5月のよく読まれた記事 — 編集後記つき
- Gemini 3.2 完全ガイド — 何が変わったか・実際の使用感・前モデルとの違い — リリース週から月末まで安定して読まれ続けました。タイトル通り、3.1 から何が変わったかを実機検証ベースで書いています。
- Gemini 3.2 vs Claude Sonnet 4.6 vs GPT-4o — 2026年5月、個人開発者の正直な比較 — 「結論を急がず、用途別に住み分ける」という現場目線が読まれた要因かもしれません。
- Gemini API のキャッシュ戦略で月3万円を6,000円にした:Context Caching・Implicit Caching の本番設計完全ガイド — タイトルの数字で立ち止まってくれた方が多かった印象です。実装の中身は地味ですが、効きは派手です。
- Gemini 3.2 Pro × Imagen 4 で自作アートを壁紙120種類に展開した30日 — アーティスト個人開発者の素材供給パイプライン — アートと個人開発の境目に踏み込んだ記事を読んでくださる方が、想像していたよりたくさんいらっしゃいました。
- AdMob + Gemini APIで個人開発iOS壁紙アプリの収益を最大化する設計パターン — 12年続けてきた AdMob の運用知見を Gemini で再構築する設計記事です。
6月に向けて — 注目したい5つのポイント
ここからは少し先取りの話です。
1つ目は Gemini 3.2 系のエコシステム成熟。リリース直後の今は「動く・速い」が中心ですが、6月にはサードパーティ製の SDK ラッパーや、Function Calling のテンプレート集が増えてくる頃合いだと思います。
2つ目は Computer Use の安全運用の知見。各社が「どこまで自動操作させていいか」のガイドラインを出し始めるはずです。個人開発者としては、課金・支払い系のガードレール設計を早めに整えておきたいところです。

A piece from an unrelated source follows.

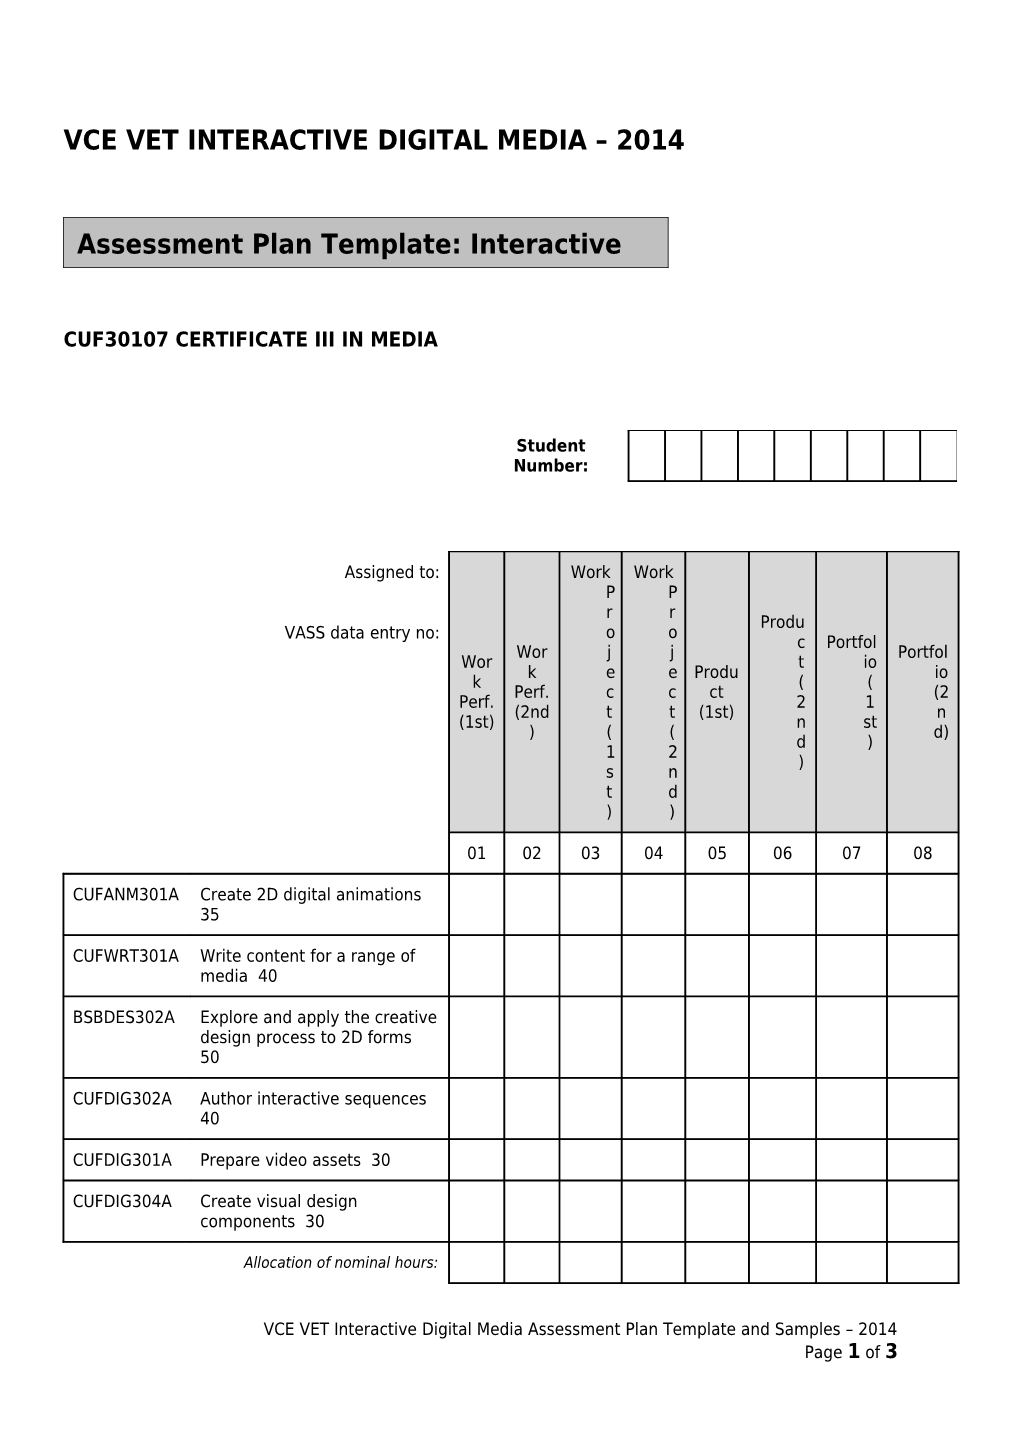 VCE VET Interactive Digital Media - Assessment Plan - Template and Sample
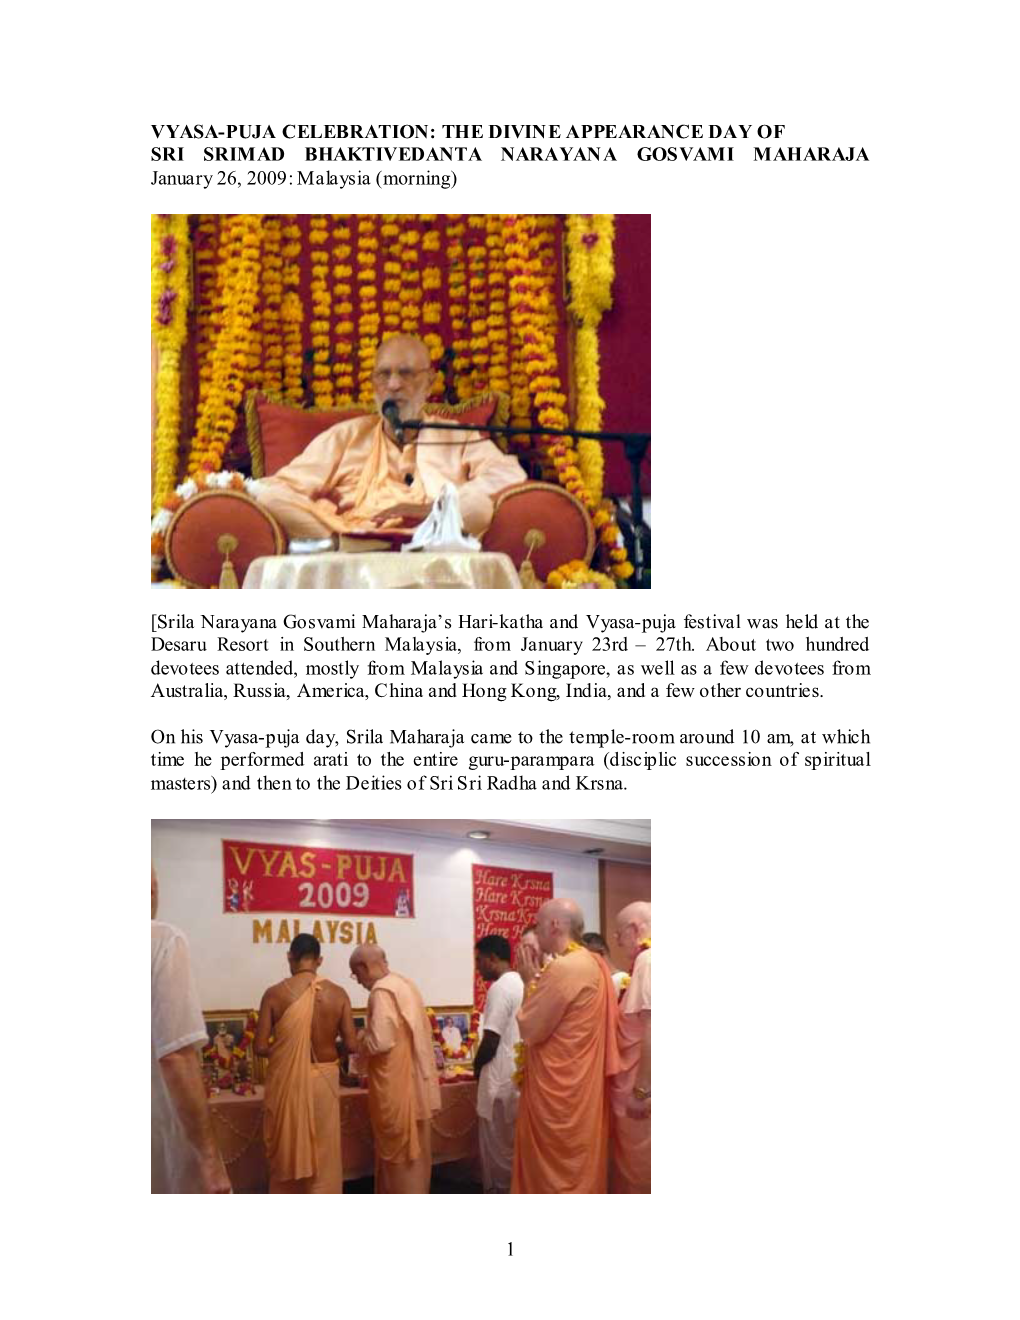 Tridandisvami Sri Srimad Bhaktivedanta Narayana Gosvami

3つ目は Imagen と Veo の組み合わせ。第3週の壁紙パイプラインで、Imagen 4 の静止画と Veo の短尺動画を組み合わせる設計が現実的になってきました。アプリ内のローディング画面など、地味だけど効く場所に組み込めそうです。
4つ目は iOS 側のリリースサイクル合わせ。私の4アプリ(綺麗な壁紙 / 浮世絵壁紙 / Relaxing Healing / Law of Attraction)は、新 iPhone 解像度対応や StoreKit 2 への移行、CocoaPods → SPM 移行など、6月にも続く運用変更が並んでいます。Gemini を AdMob 最適化や Crashlytics 解析に組み込む流れは6月もそのまま強化していく予定です。
5つ目は Gemini Lab 自体の運用。「3か月後も動いていてほしい」記事と、「今日読んで助かった」記事の両方を、混ぜすぎない形で書き分けていきたいと考えています。
おわりに — 6月もここで書いていきます
5月の Gemini Lab は、新機能を追いかける月というよりも、本番で長く動かすための設計を、自分のアプリの実例に重ねながら書き続ける月でした。日本特有の祈りを背景にして集団心理と認知世界の構造を探る、というアーティストとしての主題と、12年続けてきた個人開発の地に足のついた習慣を、Gemini という道具を介して同じ机の上に並べられた1か月だったように感じています。
6月もここで、自分の手元の実例と、誠実に手を動かして得た所感を書き続けていきます。先月から続けて読んでくださった方も、今月たまたまたどり着いてくださった方も、ありがとうございました。引き続きお付き合いいただけたら嬉しいです。